- Вы понимаете, человек умирает! Оставьте меня с вашими подробностями!
А я все пыталась перевернуть Анфису, как будто от этого зависела ее жизнь. Кое-как мне удалось повернуть ее на бок, но она сразу же опять завалилась ничком. В горле ее что-то булькало: жива.
Приехала неотложная. "Инсульт", - сказал врач. Анфису погрузили на носилки, вынесли, увезли. Я побежала посылать телеграмму Вадиму.
Вся квартира притихла. Вечером ко мне пришла Капа.
- Ольга Ивановна, я у Анфисы-то в комнате прибрала. Я по-христиански. Тоже был человек.
- Не говорите "был", Капитолина Васильевна, она ведь еще жива.
- Жива, а помрет обязательно. Перст божий. Дуло ее как на дрожжах. Спрашиваю: и куда ты толстеешь? Обижается. Вот и вышло по-моему.
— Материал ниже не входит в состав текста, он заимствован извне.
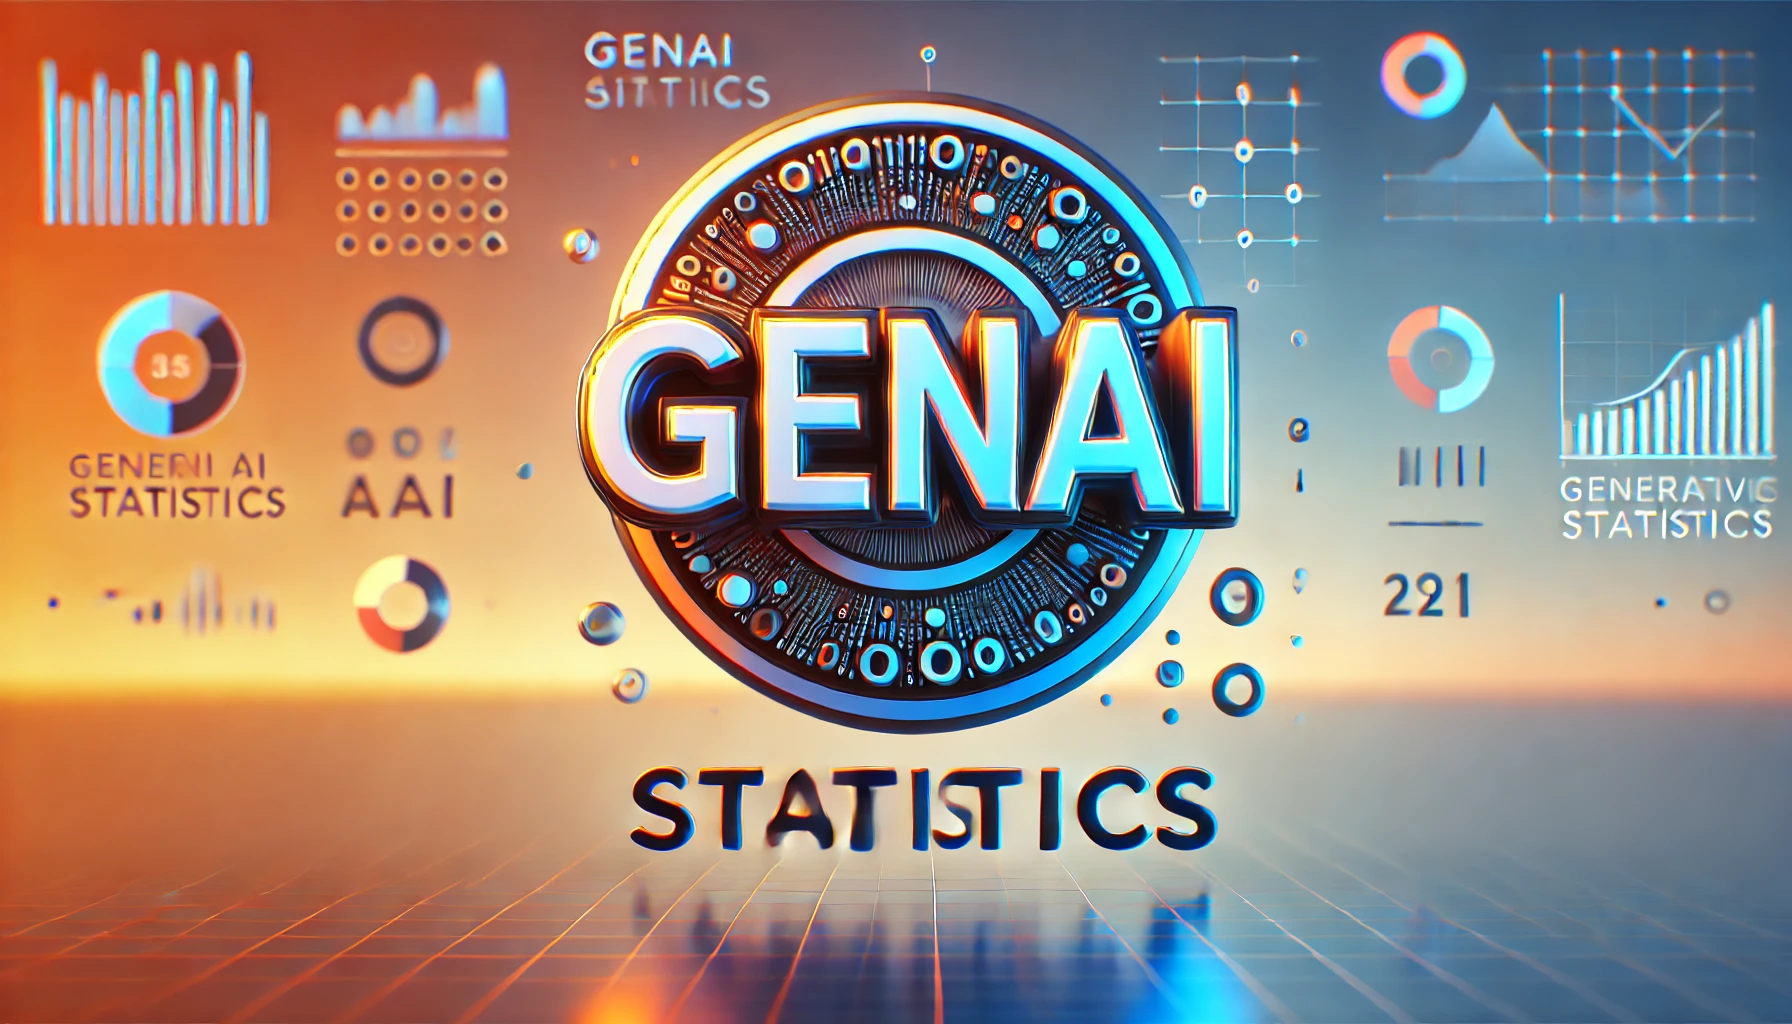 GenAI Statistics By Region, Function, Market Share And Worldwide Use Of Gen AI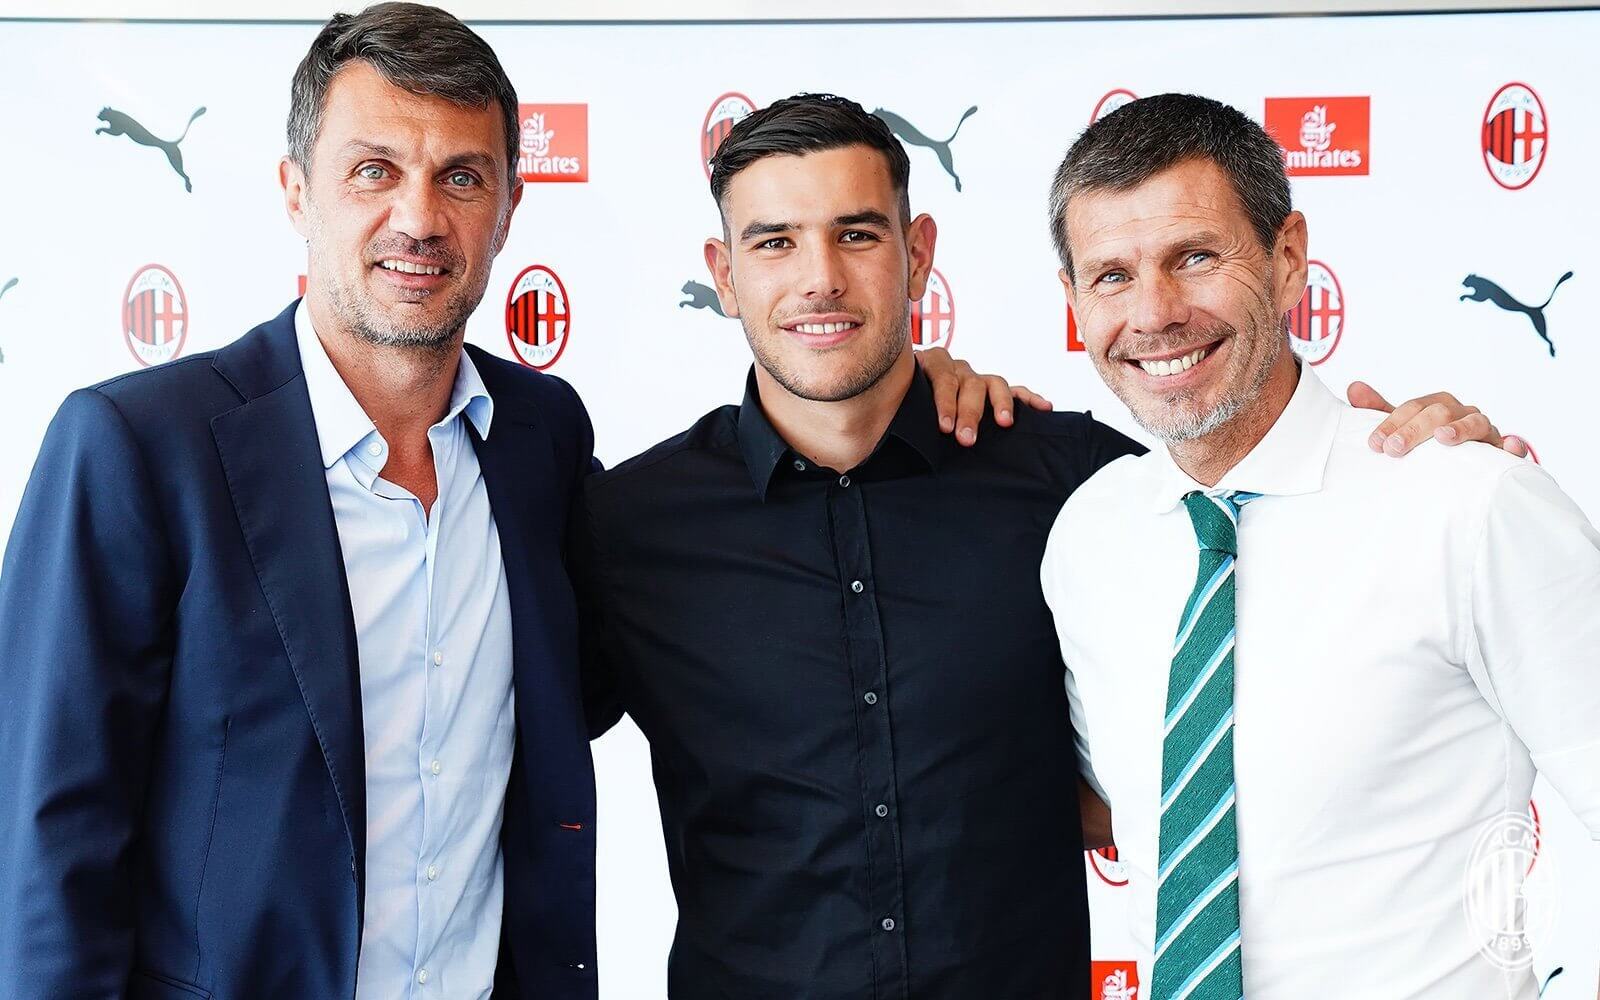 Maldini met with Theo Hernandez to extend his AC Milan stay

Капа была сурова, но потрясена и этим располагала к себе. Я ее угостила чаем. Она не отказывалась, выпила. К чаю ничего не было.
- Тебя, Ольга Ивановна, удар не тронет, ты сладкого не любишь, вот и худая. Меня вполне может тронуть через мою полноту. Для глаза-то оно хорошо, а для удара плохо.
После чая она сказала:
- Ольга Ивановна, позволь у тебя посидеть вечерок. Моя комната рядом с Анфисиной, боюсь чего-то. Смерти своей боюсь.
- Пожалуйста, сидите, я очень рада.
Капа просидела у меня вечер и говорила, говорила... Жалела Анфису, упрекала себя:
- Грех на моей душе. В соблазн я ее вводила, покойницу. Мне бы помолчать, а я спорить. Будто дьявол меня за язык дергает.
Она упорно называла больную покойницей, и я перестала уже возражать. Там, где-то вдалеке, Анфиса лежала без чувств, без речи, недоступная для нашего понимания. Тьма, отделявшая ее от нас, была так густа, что мало чем отличалась от смерти...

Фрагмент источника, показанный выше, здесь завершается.